DATA UNDER STUDY START

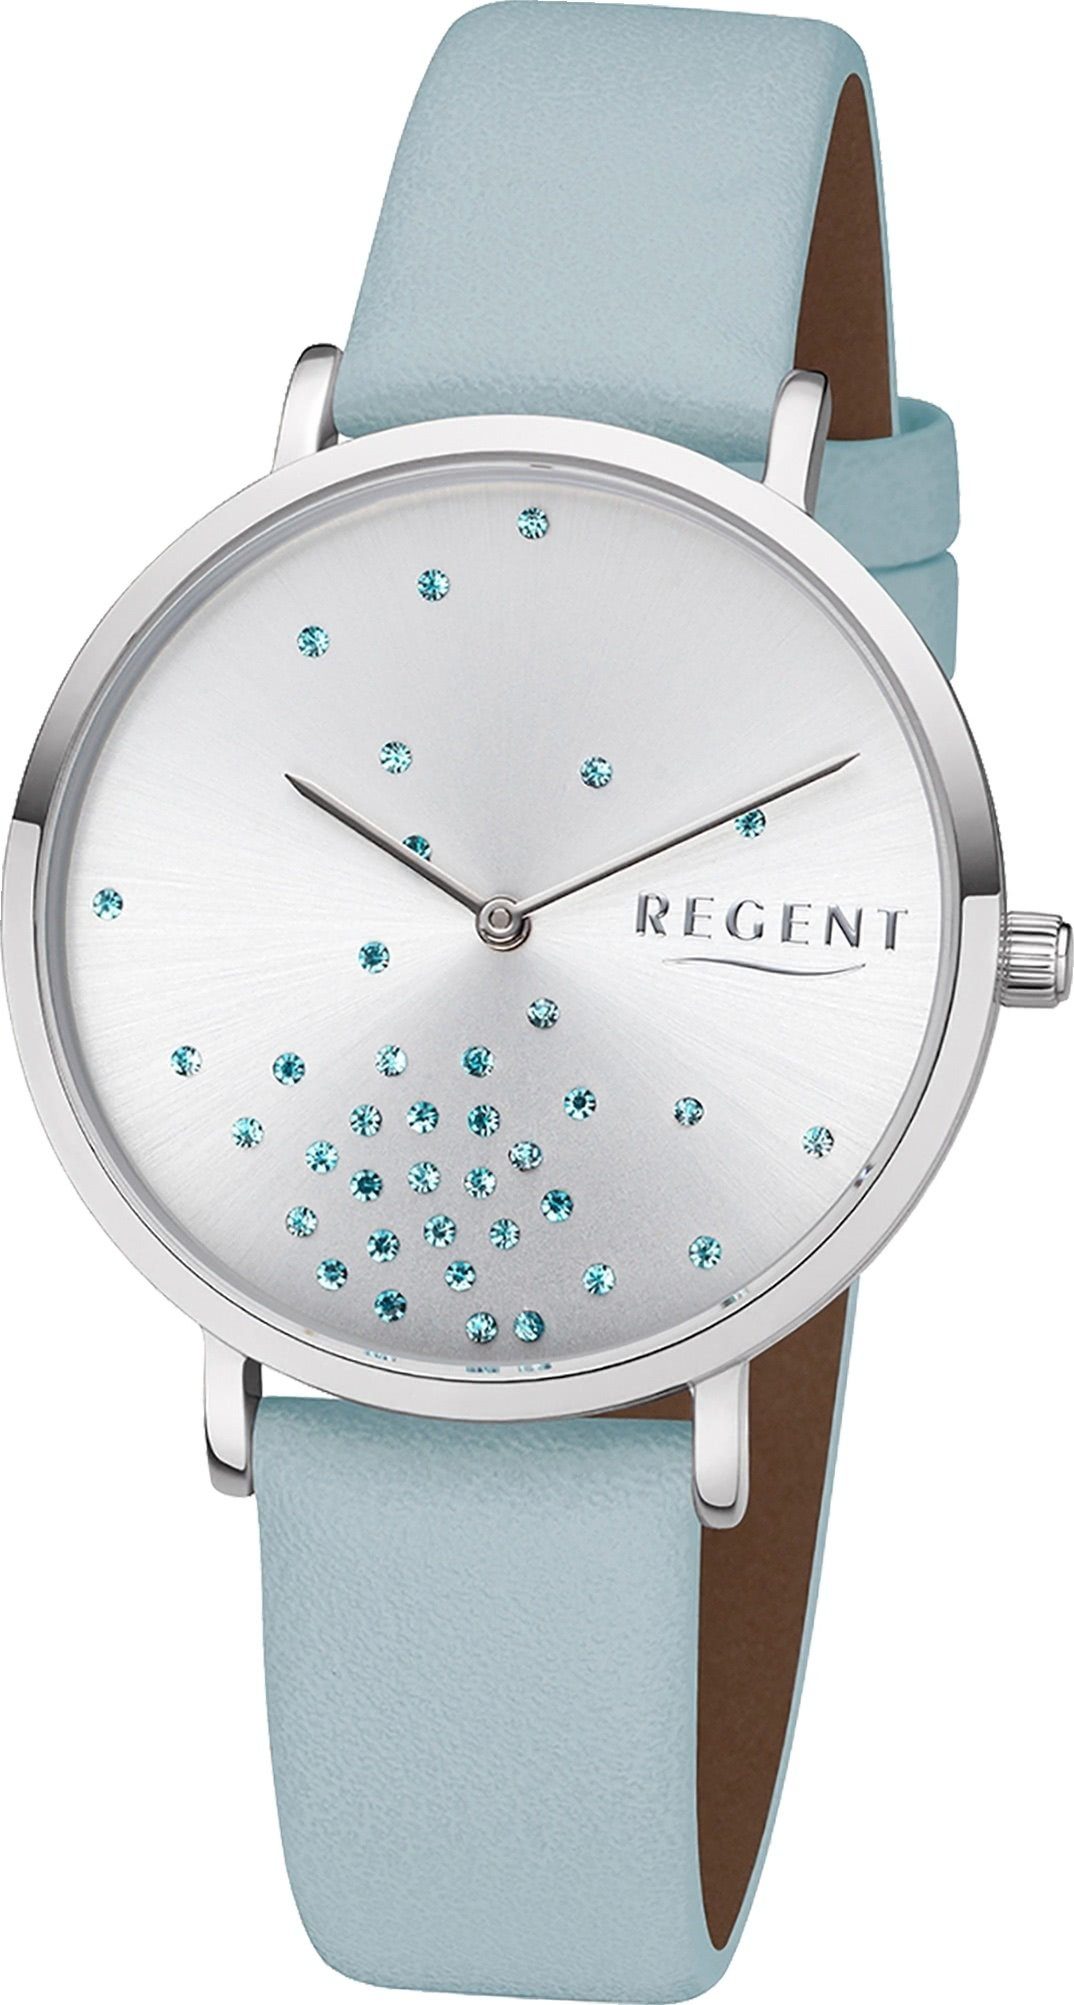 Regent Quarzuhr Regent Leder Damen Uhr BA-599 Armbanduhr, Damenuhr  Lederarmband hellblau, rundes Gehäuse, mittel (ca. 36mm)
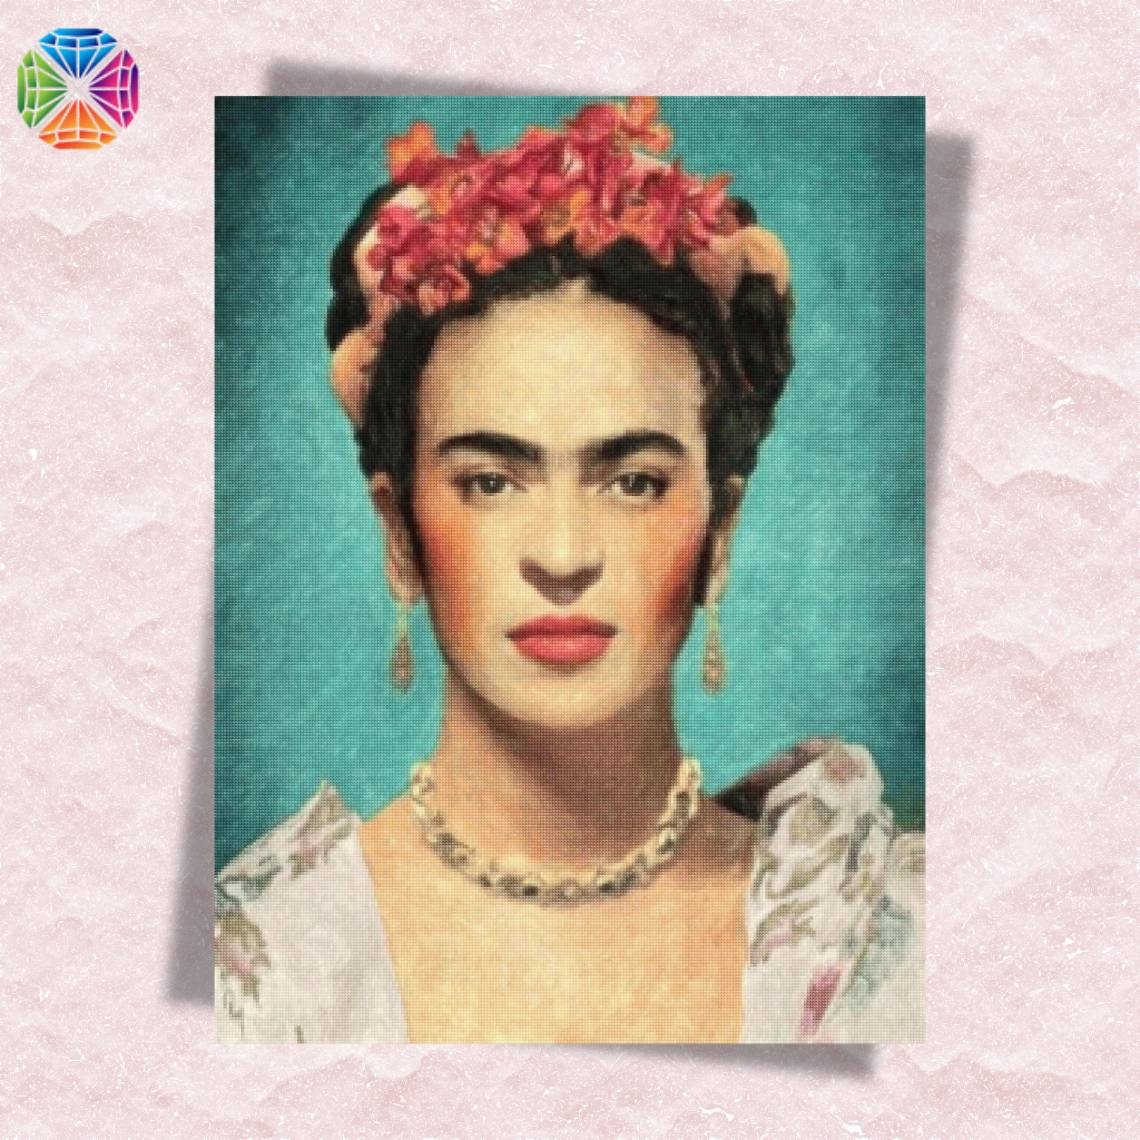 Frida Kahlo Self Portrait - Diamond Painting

DATA UNDER STUDY END
DATA UNDER STUDY START

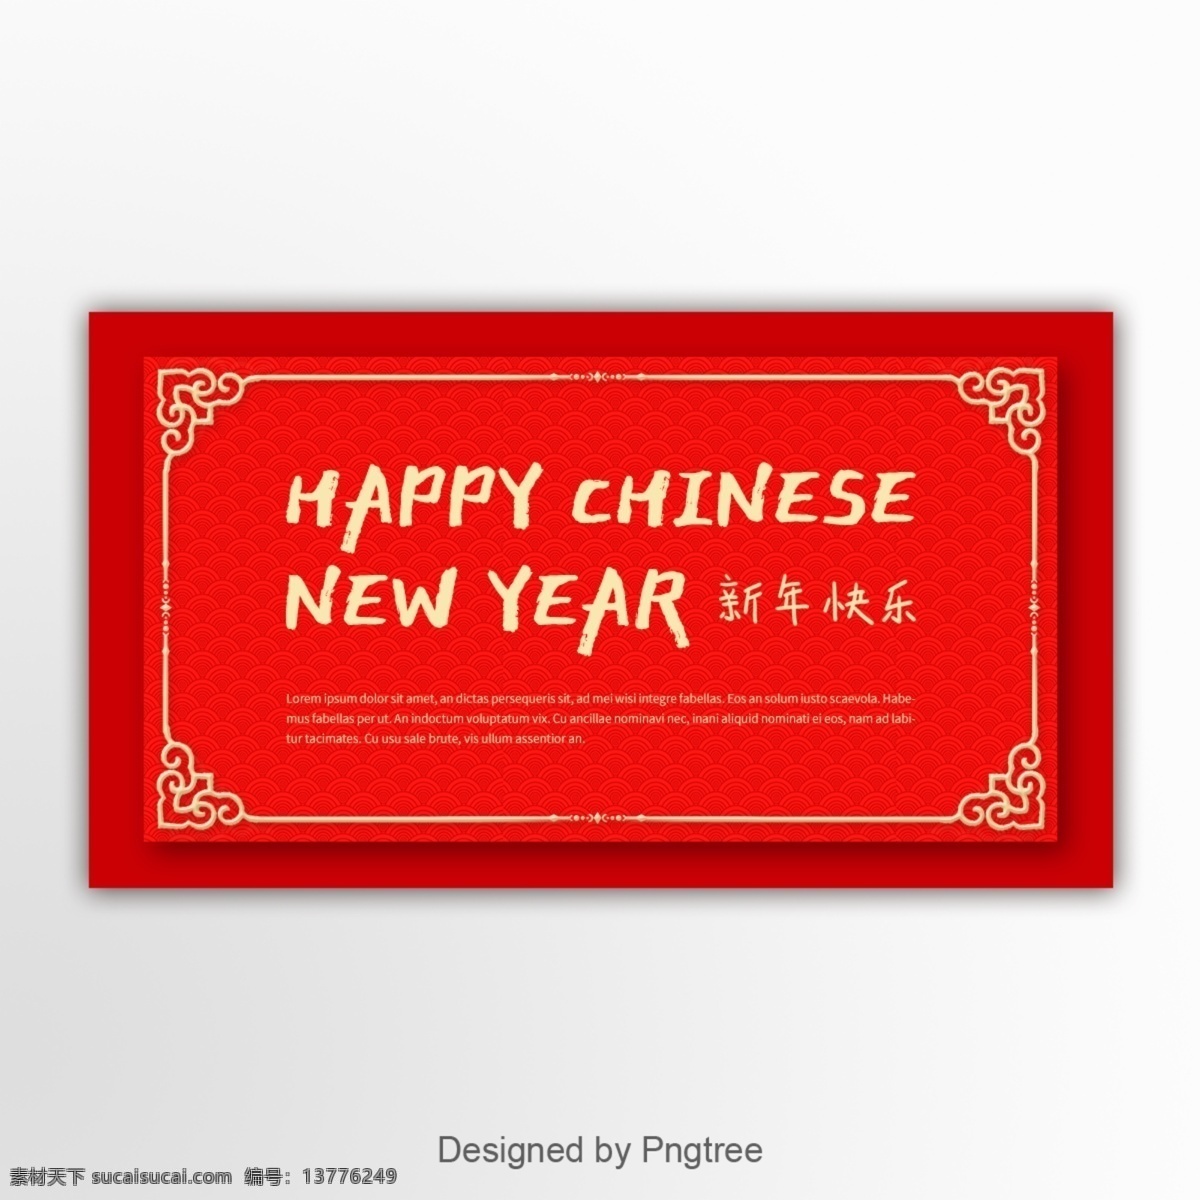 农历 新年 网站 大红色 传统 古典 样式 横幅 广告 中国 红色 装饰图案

DATA UNDER STUDY END
DATA UNDER STUDY START

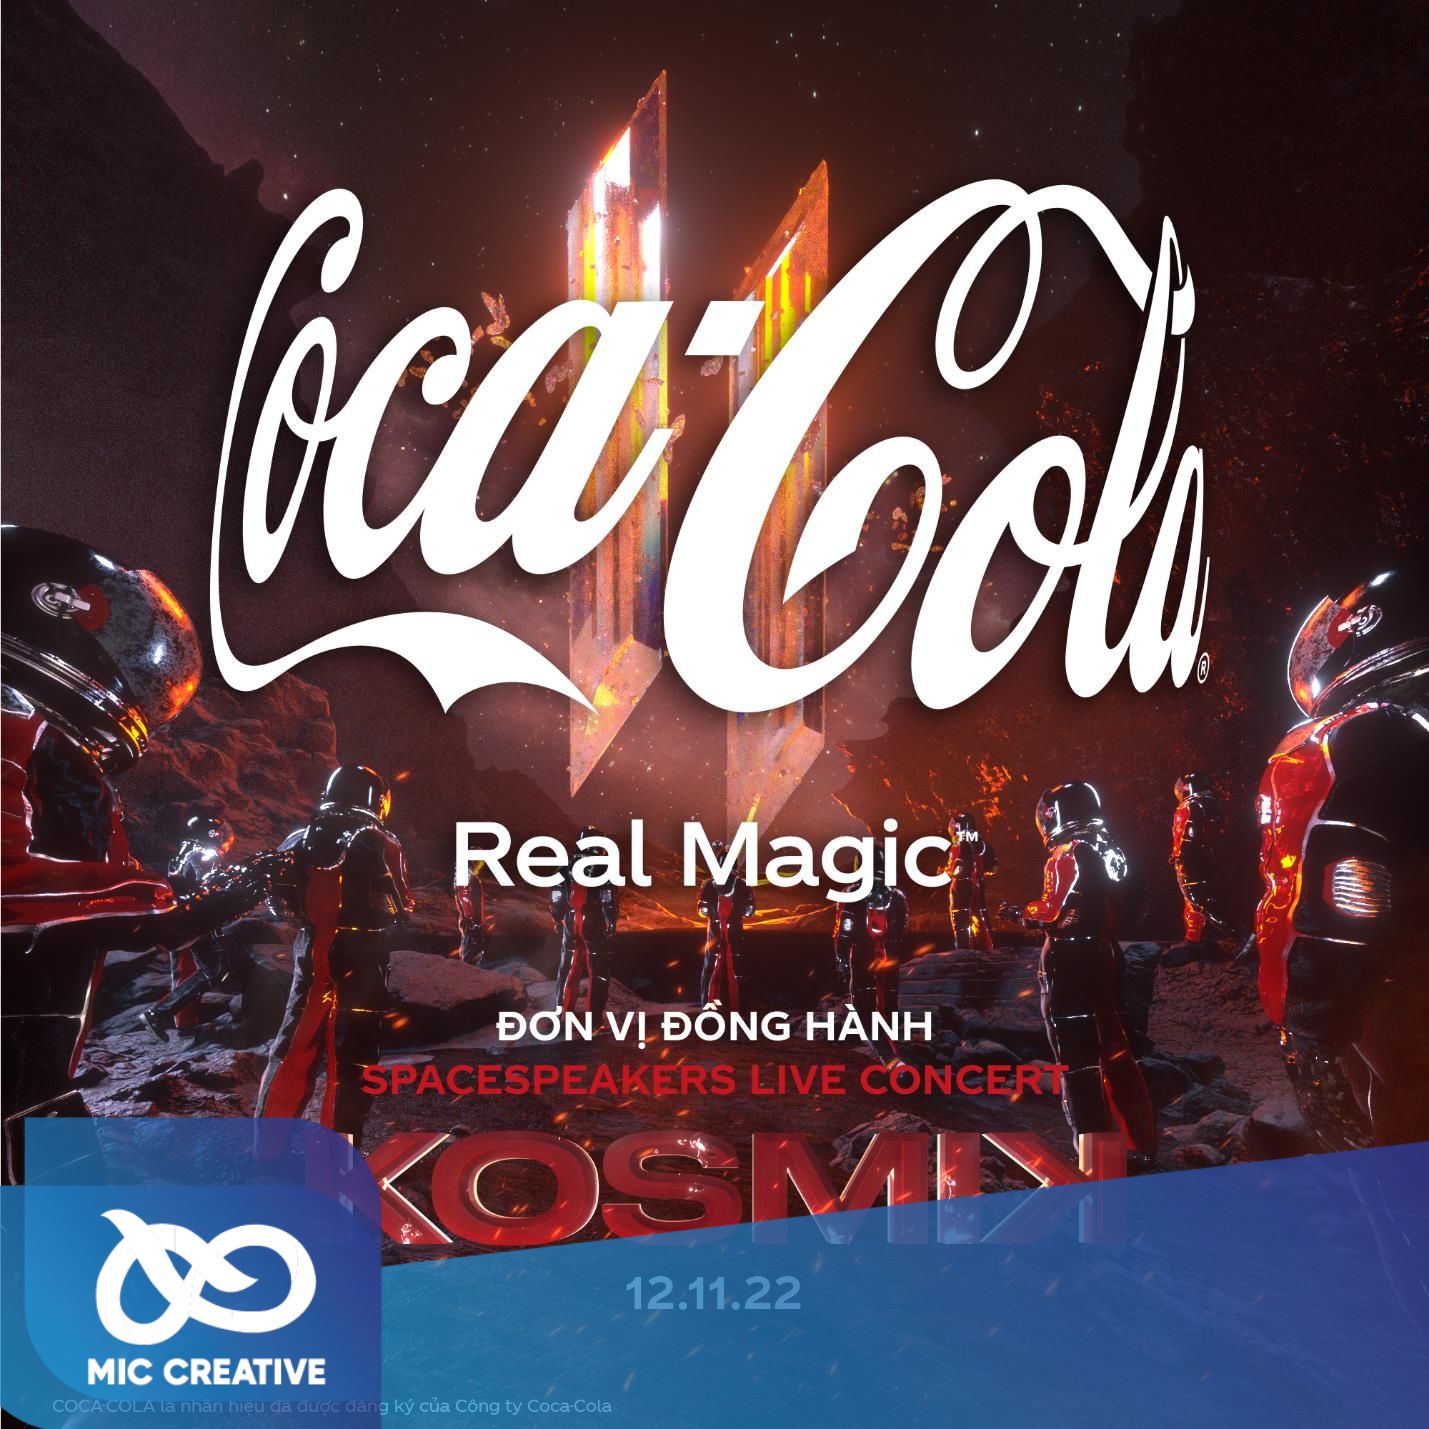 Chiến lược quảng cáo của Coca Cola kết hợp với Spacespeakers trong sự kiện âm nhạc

DATA UNDER STUDY END

**WORK REQUEST:** Look above for the line with "Regent Quarzuhr Regent" and the line with "Frida Kahlo Self Portrait - Diamond Painting", then copy them and all lines in between exactly as written, and only those, without any pictures.

**RESULT OF THE EXERCISE:**
 Regent Quarzuhr Regent Leder Damen Uhr BA-599 Armbanduhr, Damenuhr  Lederarmband hellblau, rundes Gehäuse, mittel (ca. 36mm)
 Frida Kahlo Self Portrait - Diamond Painting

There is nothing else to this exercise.